Canonical correlation analysis — cca • decorrelate

Canonical correlation analysis that is scalable to high dimensional data. Uses covariance shrinkage and algorithmic speed ups to be linear time in p when p > n.

Usage

cca(X, Y, k = min(dim(X), dim(Y)), lambda.x = NULL, lambda.y = NULL)

Arguments

X: first matrix (n x p1)
Y: first matrix (n x p2)
k: number of canonical components to return
lambda.x: optional shrinkage parameter for estimating covariance of X. If NULL, estimate from data.
lambda.y: optional shrinkage parameter for estimating covariance of Y. If NULL, estimate from data.

Value

statistics summarizing CCA

Details

Results from standard CCA are based on the SVD of \(\Sigma_{xx}^{-\frac{1}{2}} \Sigma_{xy} \Sigma_{yy}^{-\frac{1}{2}}\).

Avoids computation of \(\Sigma_{xx}^{-\frac{1}{2}}\) by using eclairs. Avoids cov(X,Y) by framing this as a matrix product that can be distributed.
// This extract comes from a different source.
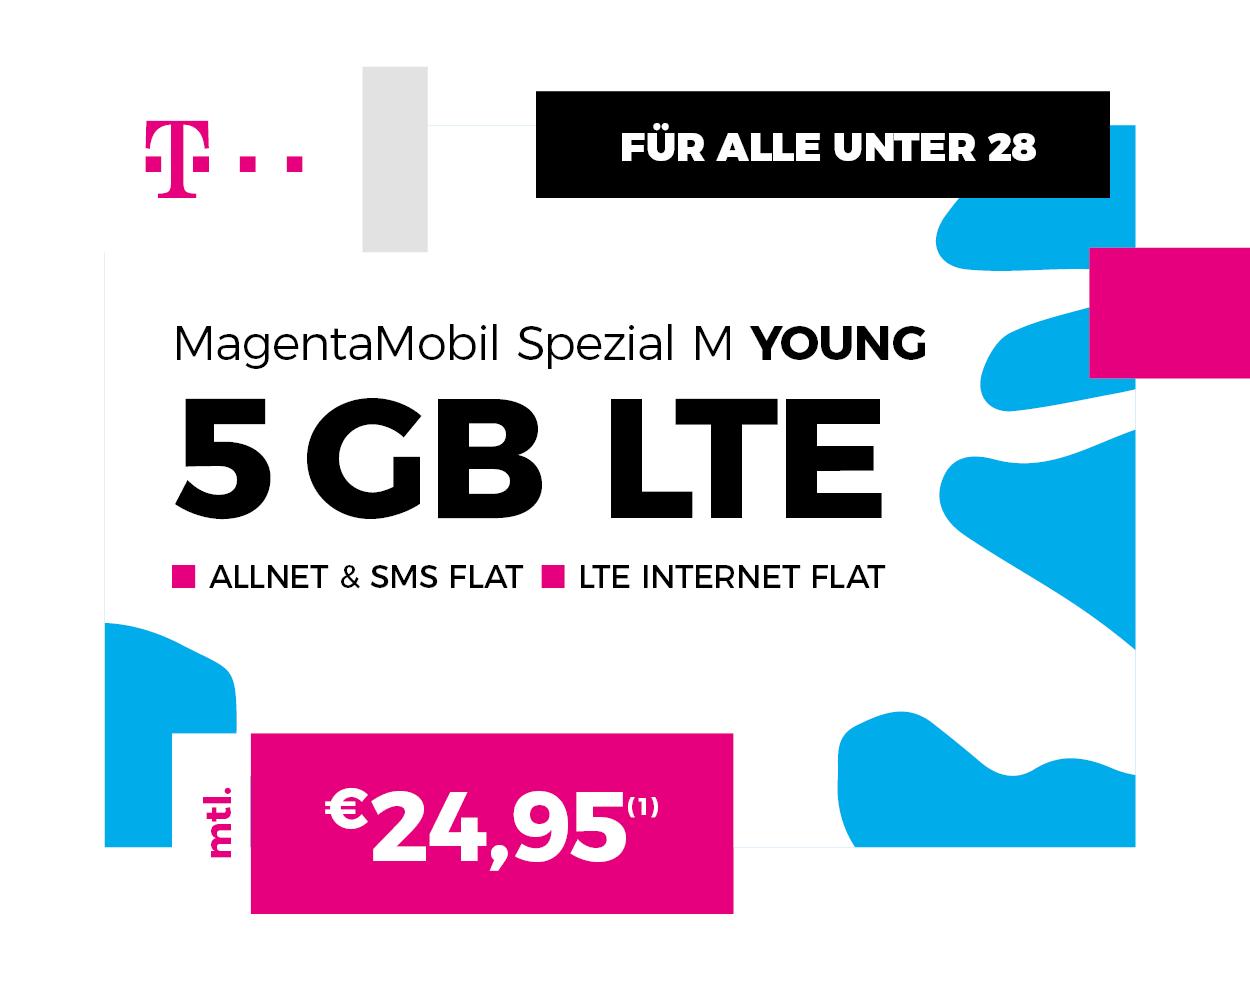 Telekom Deal bei iBuy.de, junge Leute, Special Tarife

Uses low rank SVD. Other regularized CCA adds lambda to covariance like Ridge. Here it is a mixture

Examples

pop <- LifeCycleSavings[, 2:3]
oec <- LifeCycleSavings[, -(2:3)]

decorrelate:::cca(pop, oec)
#>        Fast regularized canonical correlation analysis
#> 
#>   Original data rows: 50 
#>   Original data cols: 2, 3
#>   Num components:     2 
#>   Cor:                0.741 -0.34 ...
#>   rho.mod:            13579.5 1.047 ...
#>   Cramer's V:         13579.5 
#>   lambda.x:           0.0123 
#>   lambda.y:           0.665 
#